🤖 AI Summary
Deepfake detection faces challenges in distinguishing subtle, method-specific artifacts introduced by diverse generation techniques, while existing approaches—often reduced to binary classification—lack sufficient discriminative power.
Method: This paper proposes a dual-supervised fine-grained tuning framework. It adopts DINOv2 as the backbone and introduces a lightweight multi-head LoRA adapter embedded in each Transformer block. A shared branch is further designed to propagate fine-grained manipulation cues, enabling joint optimization of authenticity assessment and forgery-type identification.
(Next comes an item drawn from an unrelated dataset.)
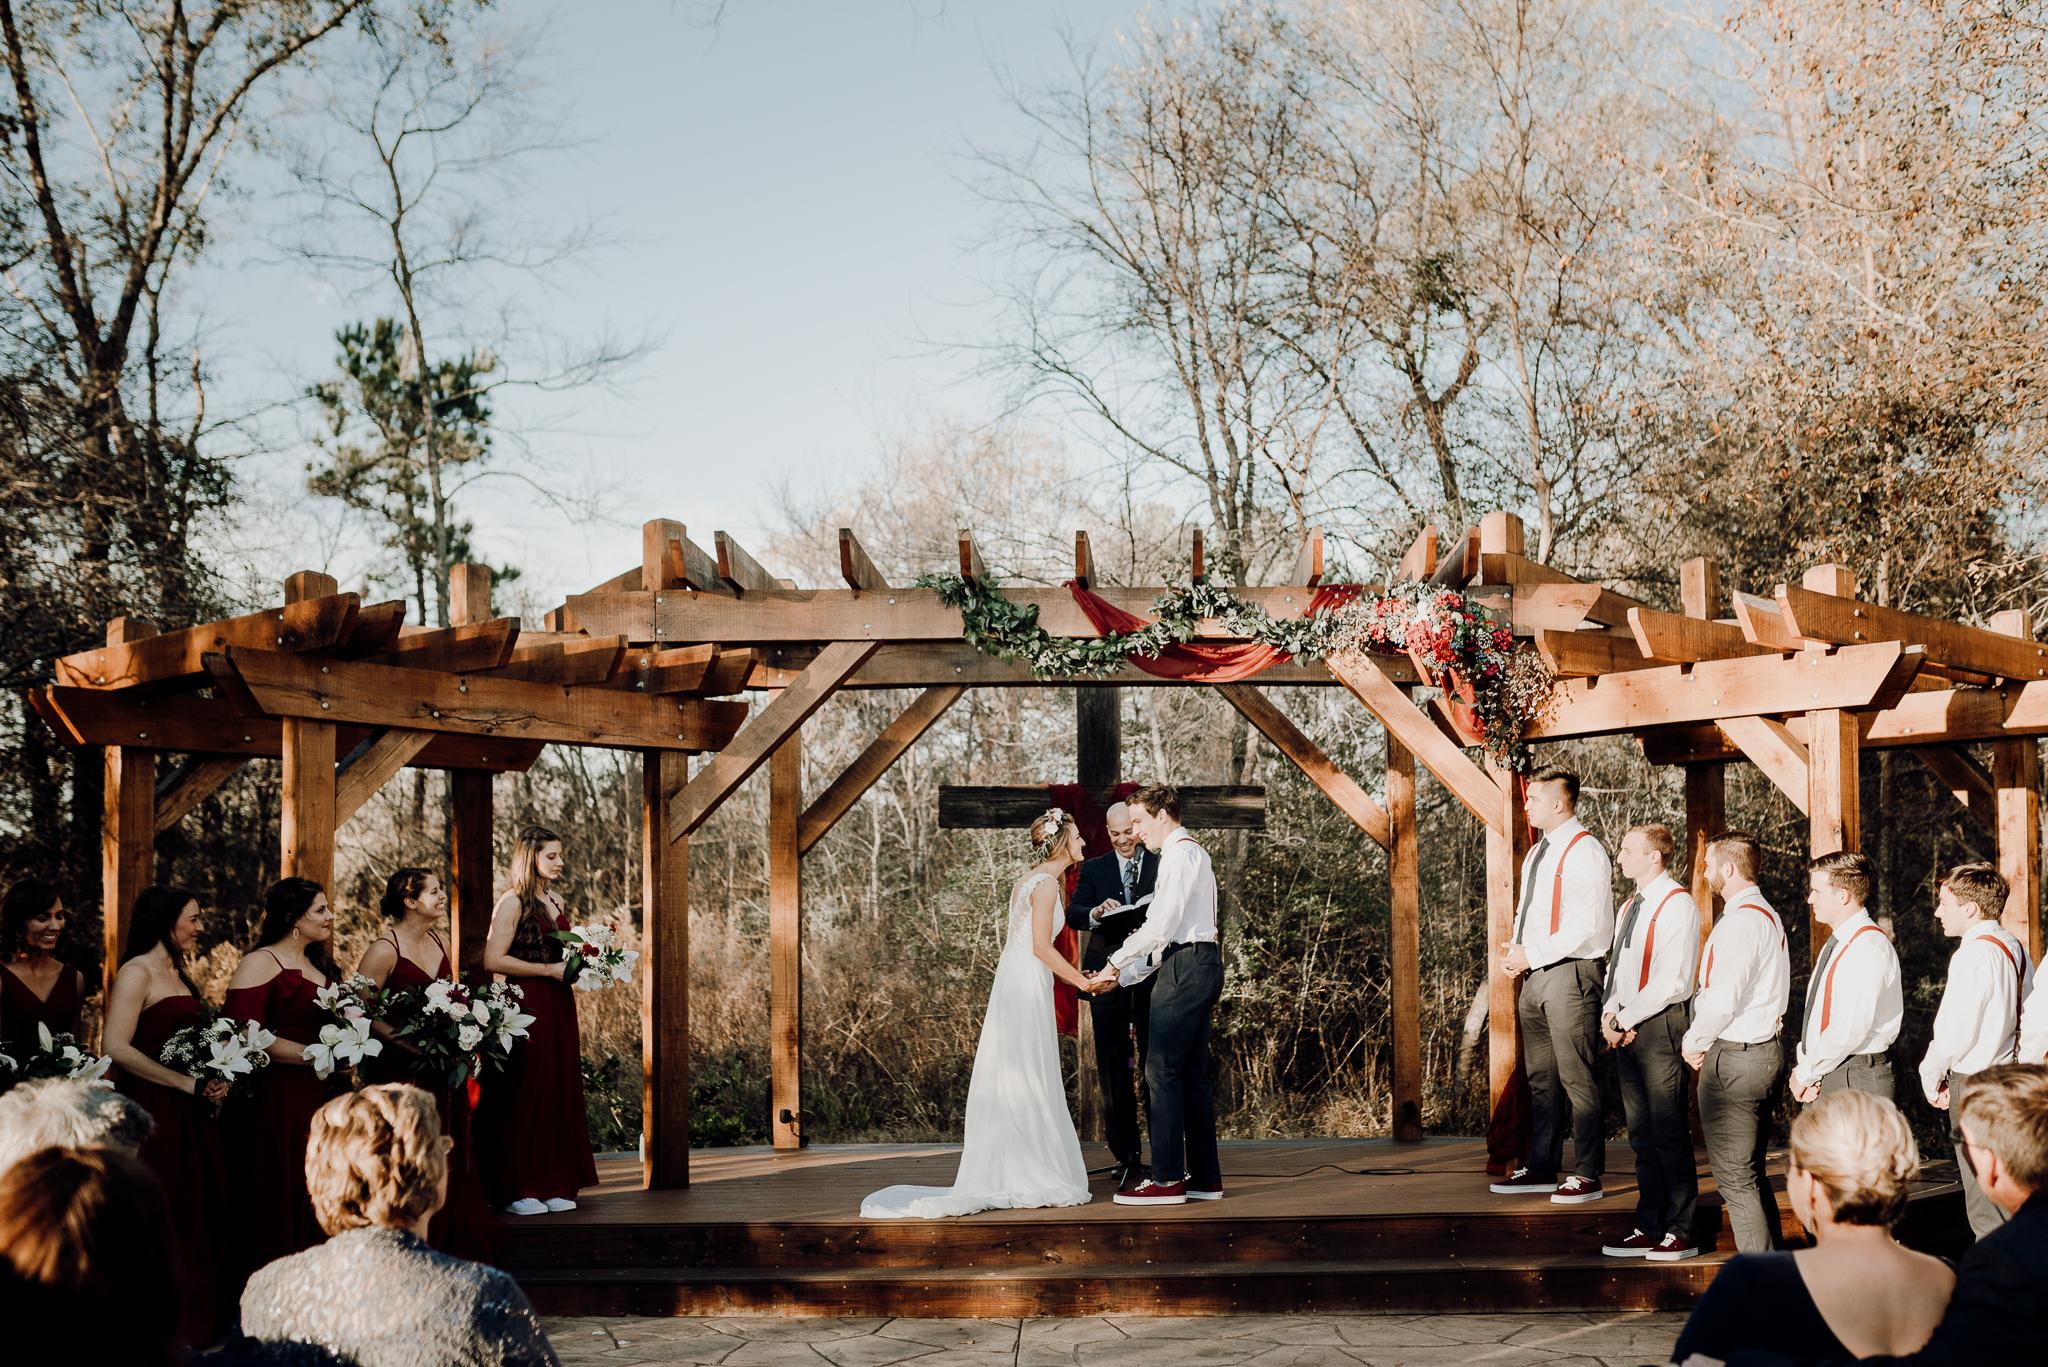 Michelle + Aron-Houston Wedding Photographer-Magnolia Meadows-Winter Wedding | Kristen Giles Photography - 043.jpg

Contribution/Results: With only 3.5 million trainable parameters, the framework achieves highly efficient fine-tuning. It attains state-of-the-art (SOTA) or superior detection accuracy on multiple mainstream benchmarks—including FaceForensics++, Celeb-DF, and DFDC—while significantly improving parameter efficiency and cross-dataset generalization capability compared to existing complex models.
📝 Abstract
The proliferation of sophisticated deepfakes poses significant threats to information integrity. While DINOv2 shows promise for detection, existing fine-tuning approaches treat it as generic binary classification, overlooking distinct artifacts inherent to different deepfake methods. To address this, we propose a DeepFake Fine-Grained Adapter (DFF-Adapter) for DINOv2. Our method incorporates lightweight multi-head LoRA modules into every transformer block, enabling efficient backbone adaptation. DFF-Adapter simultaneously addresses authenticity detection and fine-grained manipulation type classification, where classifying forgery methods enhances artifact sensitivity. We introduce a shared branch propagating fine-grained manipulation cues to the authenticity head. This enables multi-task cooperative optimization, explicitly enhancing authenticity discrimination with manipulation-specific knowledge. Utilizing only 3.5M trainable parameters, our parameter-efficient approach achieves detection accuracy comparable to or even surpassing that of current complex state-of-the-art methods.